Some of the men grow stiff. Others are able to hold the stiffness in, show instead a learned fearlessness. A few draw knives.
All huddle close, tighten up their line, edge as far away as possible from the road’s edge, walk as close to the center of the road as possible, taking wary steps, their eyes darting everywhere now, looking for movement behind the leaves, listening for snarls, barks, chirps, their shirts hanging with round damp emblems of sweat, emblems that hang heavier and darker as the sunlight penetrates the canopy.
Then, from the bushes, the animals emerge, like strokes of exotic colors shooting from the sides of the road, red and blue and green macaws flying from trees and over the men’s heads, antelope and black-and-white zebras emerging from the bushes, trotting alongside the line, as do horses, brown, black, white, beige; a spotted cheetah and a striped tiger march along with a long-maned lion, the three of them not paying any heed to the zebras and antelopes. Mice and squirrels skitter between the men’s feet. Overhead, birds fly. Some settle on the men’s shoulders.
Dogs walk up to the men and, like long-lost slaves who find their masters, jump at them, lick their hands, the men’s hands then tingling and their hairs bristling with the lost memory of touch. The men laugh at the dogs’ clumsiness and put their knives back in their sheaths. Their hands reach out to all the animals, petting the skins of predator and prey alike.
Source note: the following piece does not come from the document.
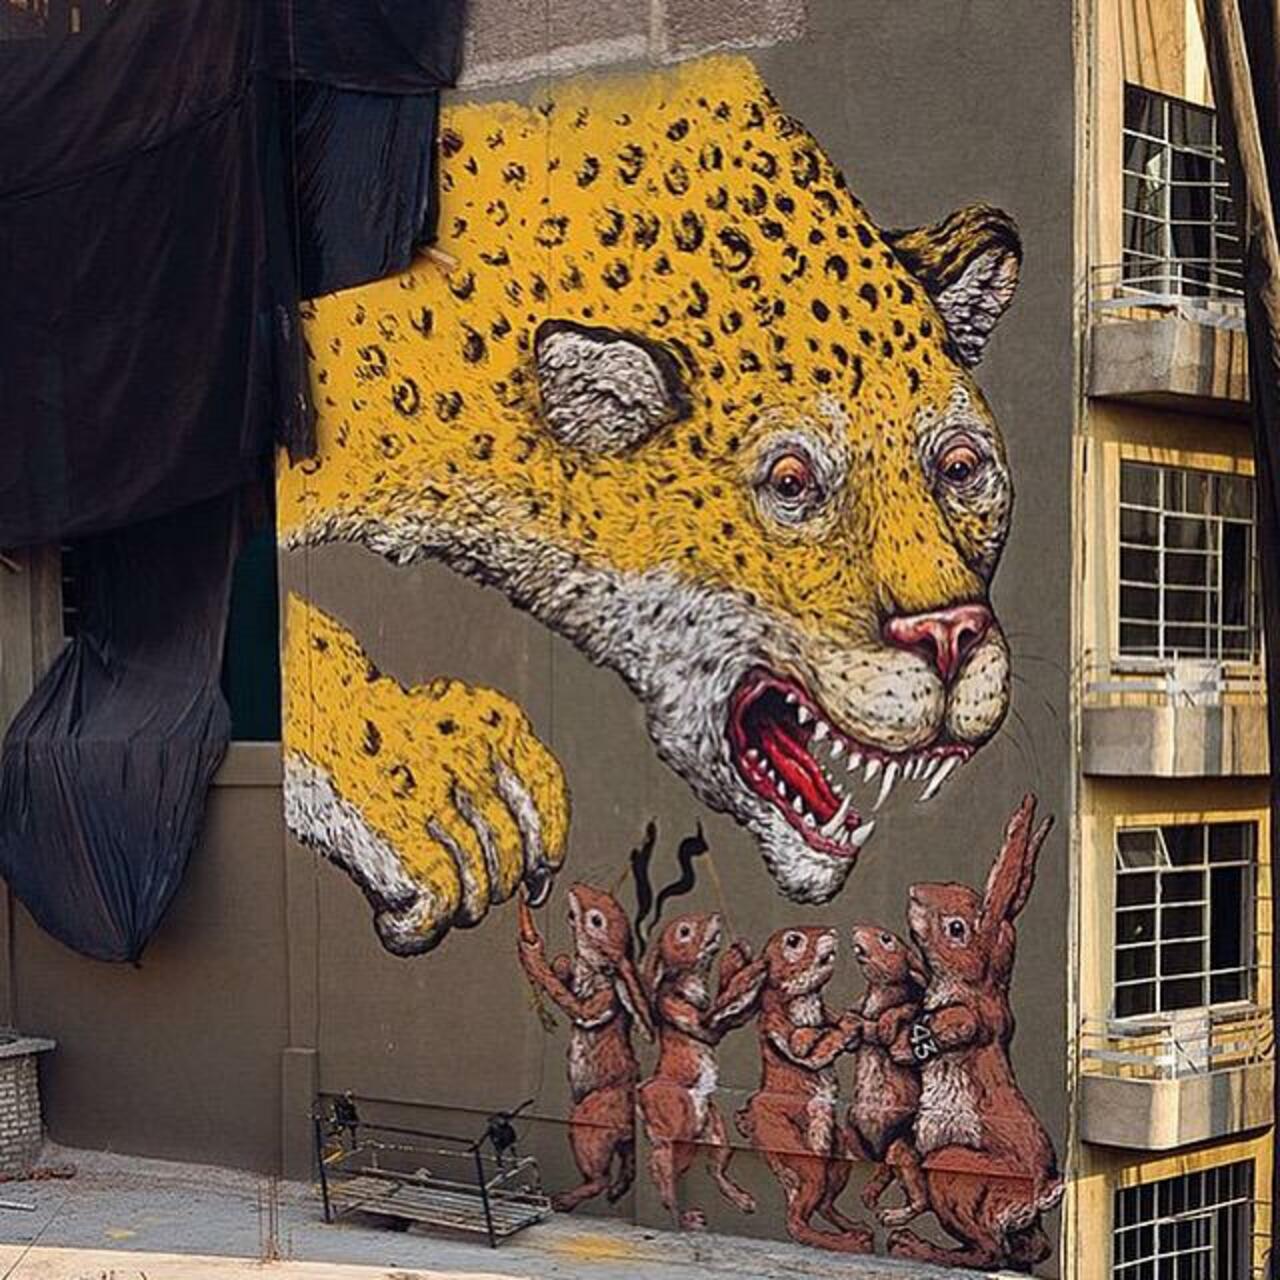 Otro #mural se #Ericailcane para #ManifestoMX en las calles del #DF #streetart #urbanart #graffiti http://t.co/0siKh40jzH

They do not ask questions.
During the night campfire they talk.
My wife would love this, one says.
This squirrel reminds me of my grandfather, another one says.
That night, the animals curl up beside the men, and the men sleep soundly and their dreams do not make them shiver.
For many nights zebra and lion and dog and rat march and sleep alongside man. Then one day, before the men get bored with the animals as they had gotten with the pictures, the forest ends and the path continues through an endless field of grass. For the first time, they can see above them the uninterrupted blue sky. Many of them stretch their arms, as one does when one leaves a cramped attic. And the animals run and play in the fields—always, of course, returning to their masters.
And way down, at the end of the road, the men see a structure, a gray building that grows taller as the men approach. It was a plain affair, painted with an nondescript gray. It did not bear the famous insignia of the company that they had so much heard about. But they knew that the giant, looming gravestone was the slaughterhouse.
When the men looked for something resembling an entrance, they saw but one opening in the building’s façade: a black rectangle, a black hole of a doorway.
And as they marched on, they realized that both animal and man were to go through the same entrance into the same place. This gave the men some pause, not in their outer movements (their bodies were too used to walking), but in their minute movements—nerves bulged in their foreheads, fists tightened, the corners of their lips quivered, their eyes vibrated microscopically.
Then the men hear the voices of their children once more, their wives calling out to them from the dark crevices of their minds. The men hear a call coming forth from the black hole in the slaughterhouse. They do not see it but they create it: a black angel of memory that waits for them behind that entryway. The animals walk on without any seeming change in their demeanor. But some men begin to salivate with the anticipation of reunion. And other men reach to their pockets and clutch the pictures that they had once forgotten, with the same force that they had before gripped their knives.
But none of them ever think of turning back.